Tapi anak-anak termasuk Mary adalah saudara-saudara Daisy, dan aku punya rasa bersalah karena memisahkan Mabuka dari ibunya… Kalau dipikir-pikir, ini alasan pribadi yang mendalam, tapi apakah itu membuktikan aku lemah dengan anak-anak?

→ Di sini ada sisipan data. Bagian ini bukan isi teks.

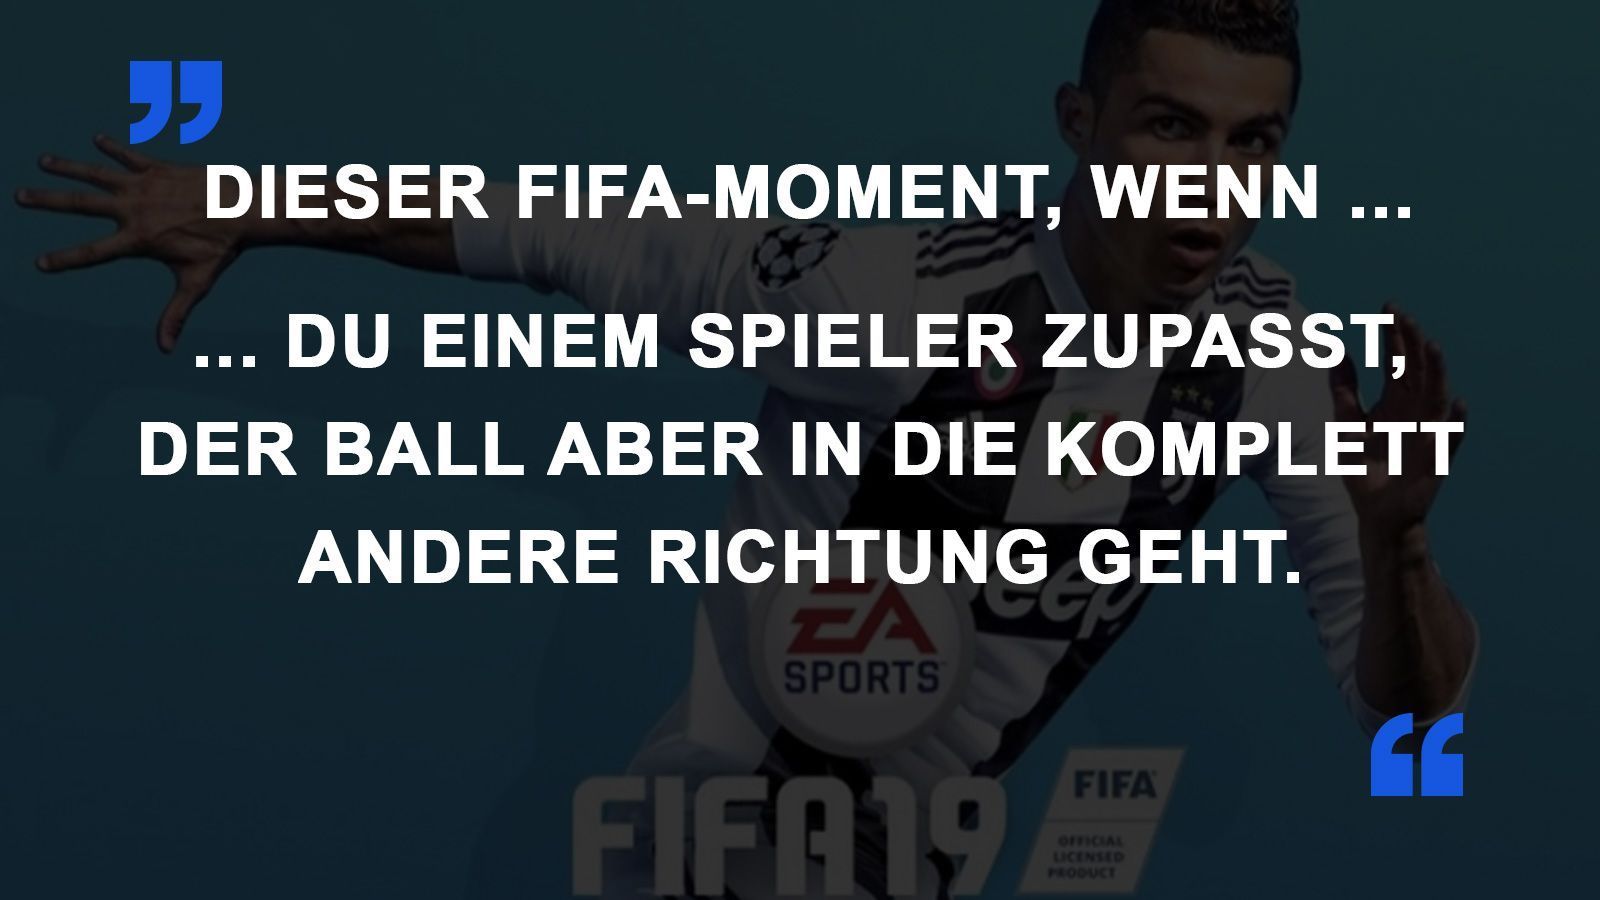 
                <strong>FIFA Momente Falsche Richtung</strong><br>
                
              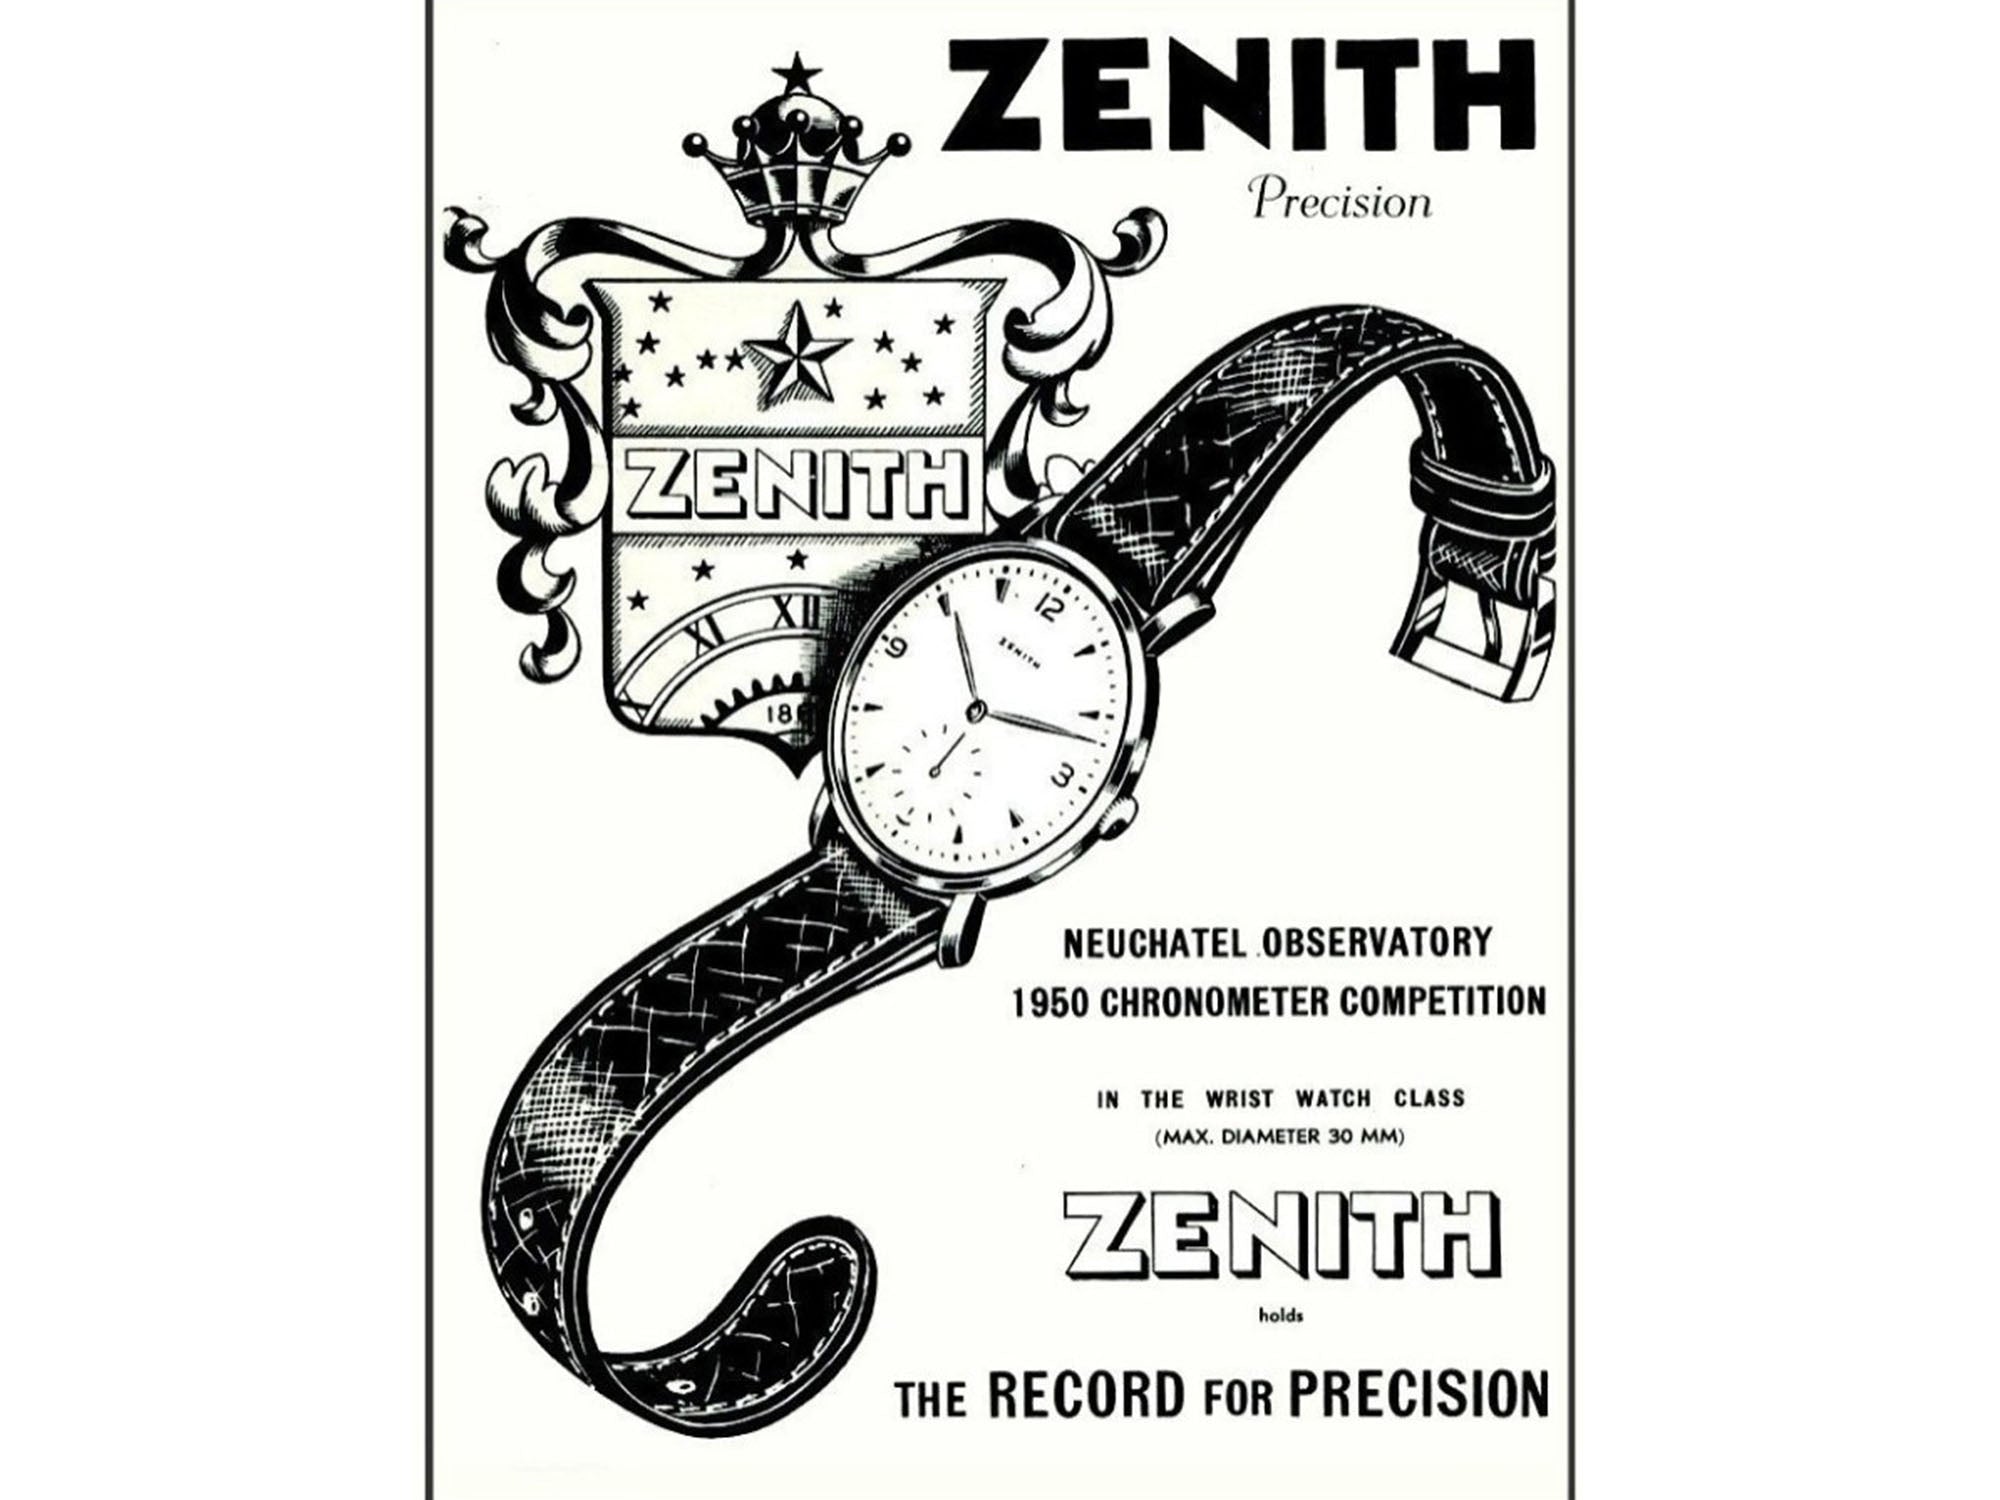 Zenith chronometer ad

Yah, meski begitu, aku hanya mempraktikkan apa yang telah diajarkan padaku tentang berbelas kasih pada orang tua dan yang lemah.

“Ah, sebenarnya, hadiah untukmu sudah sampai, tuan.”

“Untukku?”

Aku berbicara dengan nada bercanda sambil menyerahkan kotak itu. Gabriel menerimanya dengan ekspresi bingung.

Begitu Gabriel membuka kotanya, dia sepertinya mengenali baik identitas pakaian maupun siapa yang mengirim hadiahnya.

Ketika kuserahkan kartu Misha padanya, Gabriel membaca isinya dan tersenyum lembut.

“Karena ini hadiah dari Misha, apa kau ingin mencobanya?”

Ketika aku terus menggodanya sampai akhir, Gabriel bertanya “Apa?” seolah salah dengar.

“Ini awalnya pakaian Viscount Michel, jadi ukurannya mungkin tidak pas.”

Tentu, kami berdua tahu betul bahwa kata-kata Misha adalah alasan, jadi argumenku tidak lebih dari dalih juga. Gabriel cukup kaget sebelum menyadari aku bercanda dan tertawa hampa.

“Nona, kau memiliki sisi… yang suka usil.”